Это один из доводов, побуждающих Элен Сиксу видеть у Бланшо яркий образец мужского письма и подспудно осуждать его в противовес анализируемым ей параллельно текстам Клариссы Лиспектор. Вкратце ее подсознательные упреки сводятся, судя по всему, к тому, что текст Бланшо не впускает читателя внутрь, причем в силу своей формальнотопологической структуры (той самой “двойной хиазматической инвагинации”, о которой так много говорит Жак Деррида) он даже лишен, собственно, внутренности — для женщины вариант кастрации, ибо отсутствие функции приятия для женщины неприемлемо. “Вот мое безумие, но вам в него не войти”, - такова, по мнению Сиксу, позиция рассказчика, которого она, подчеркнуто не колеблясь, отождествляет с самим Бланшо, — что, как и в случае “Смертного приговора”, оправдано лишь до определенной степени.
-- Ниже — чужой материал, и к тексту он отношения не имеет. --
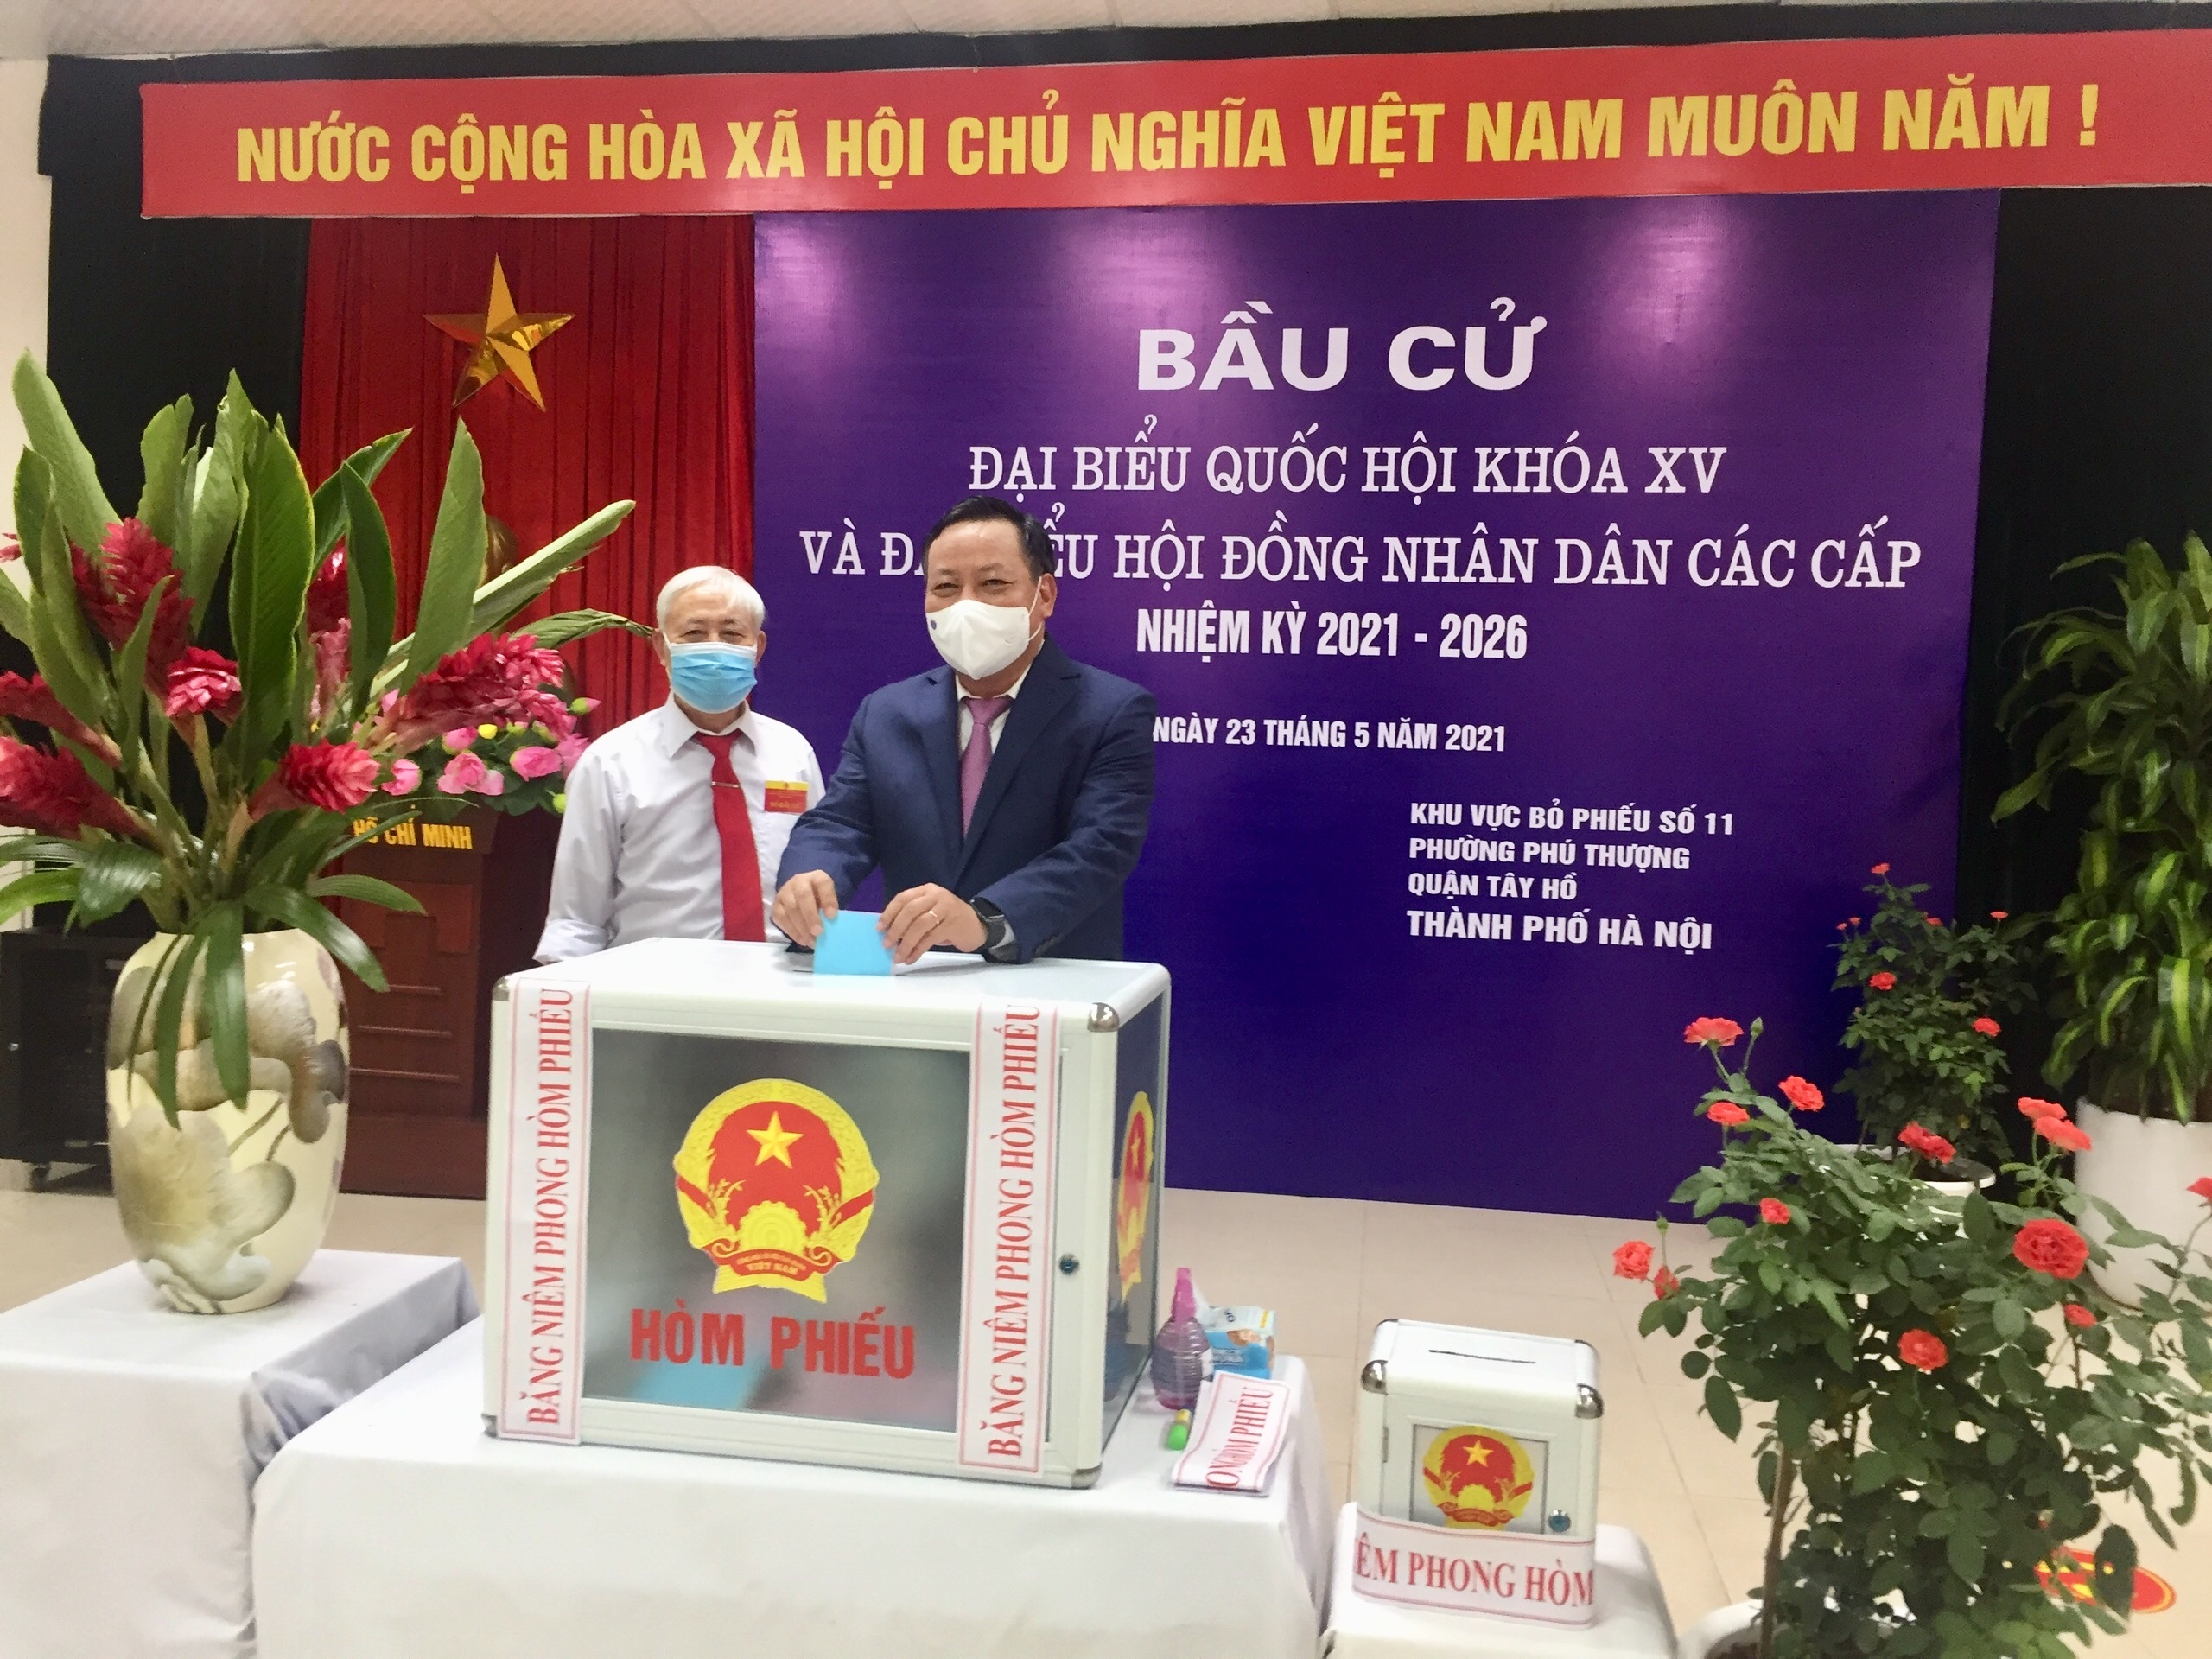 Đồng chí Nguyễn Văn Phong, Phó Bí thư Thành ủy bỏ phiếu tại khu vực bỏ phiếu số 11, phường Phú Thượng

Вслед за Деррида, Сиксу подверстывает к анализу этого рассказа психоаналитический разбор одного ставшего с тех пор знаменитым фрагмента “Кромешного письма”. Вот этот центральный, по мнению большинства критиков, для всей книги текст:[52]
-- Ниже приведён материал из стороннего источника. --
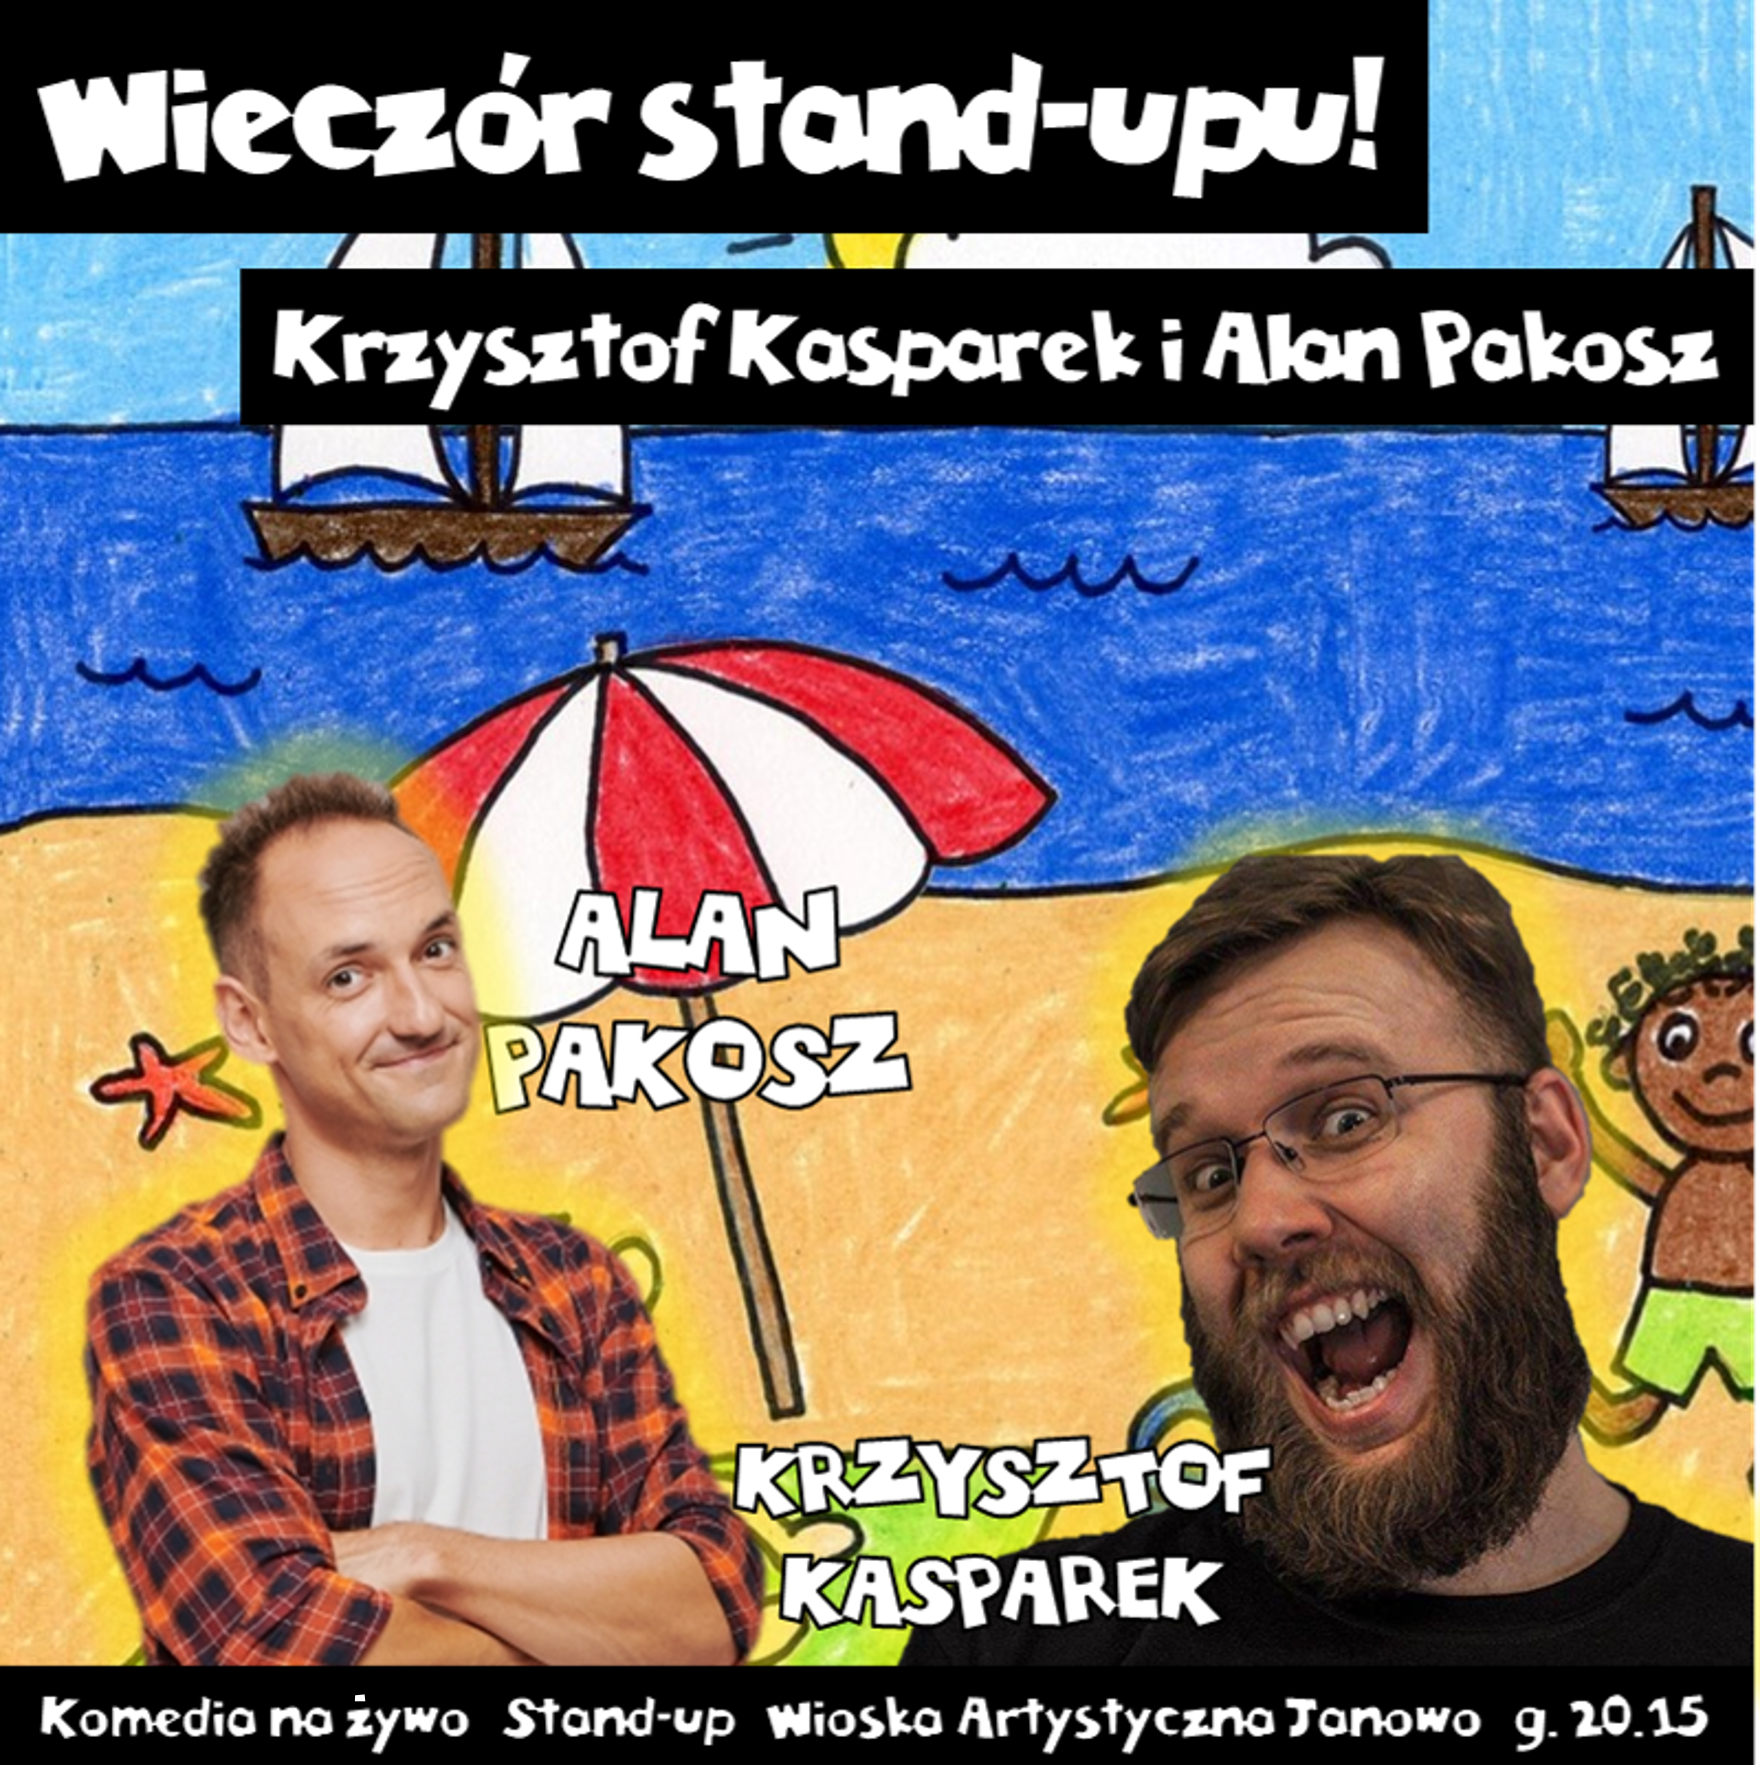 Wieczór stand-upu: Krzysztof Kasparek i Alan Pakosz

(Первичная сцена?) Вы, живущие позже, близкие не бьющемуся более сердцу, представьте, представьте себе: ребенок — сколько ему, семь, может быть, восемь лет? — стоит и, отодвинув занавеску, смотрит через оконное стекло. Он видит сад, зимние деревья, стену дома: вполне по-детски наглядевшись на это привычное место своих игр, он неспешно всматривается в небо над головой, самое заурядное небо с облаками в сером свете тусклого и лишенного дали дня.
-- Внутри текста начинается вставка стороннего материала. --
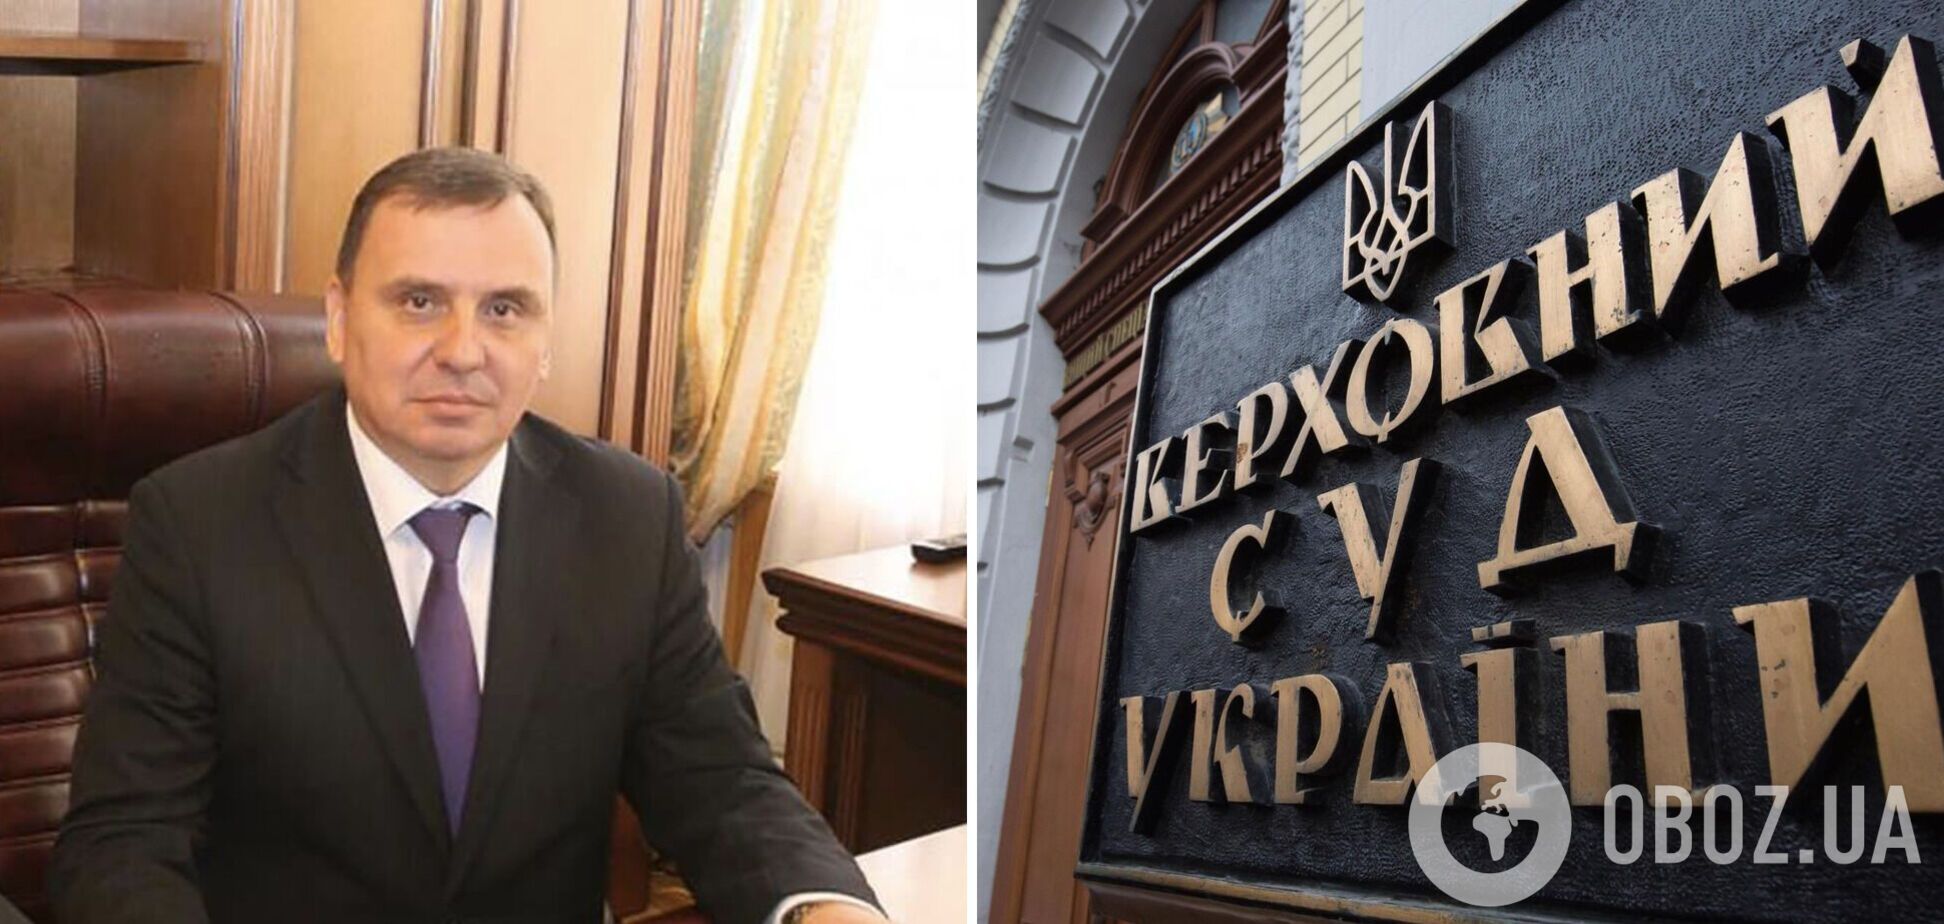 Новим головою Верховного суду став Станіслав Кравченко: що про нього відомо

Вот что происходит далее: небо, то же самое небо, неожиданно раскрывается, абсолютно черное и абсолютно пустое, выказывая (как сквозь разбитое стекло) такое отсутствие, будто все в нем извечно и навсегда утрачено, утрачено до такой степени, что тут же утверждается и рассеивается головокружительное знание: все, что имеется, — ничто, а прежде всего, ничто и за этим. Неожиданно в этой сцене (ее нескончаемая черта) тут же захлестывающее ребенка ощущение счастья, опустошительная радость, которую он может проявить только слезами, бесконечным потоком слез. Приняв это за детские печали, его пытаются утешить. Он ничего не говорит. Отныне он будет жить в секрете. Он больше не будет плакать.
Большое внимание — более чем правомерно — уделяет Сиксу и структуре родов употребляемых Бланшо ключевых слов, хотя подобные наблюдения разумнее проводить в масштабах всего корпуса его текстов. Практически всегда в его прозе абстрактные “действующие лица” — общие понятия, достигающие чуть ли не стадии олицетворения (такие как закон, идея, мысль — см. также и “Смертный приговор”), оказываются женского рода (что в случае закона вызвало в настоящем тексте определенные сложности с переводом). И еще одно наблюдение. Встречающиеся в “Безумии дня” “необязательные” слова игра (jeu) и крыша (toit) полностью омонимичны двум существенно более значимым — я (je) и ты (toi); колено (genou) распадается на, опять же, я и мы (nous).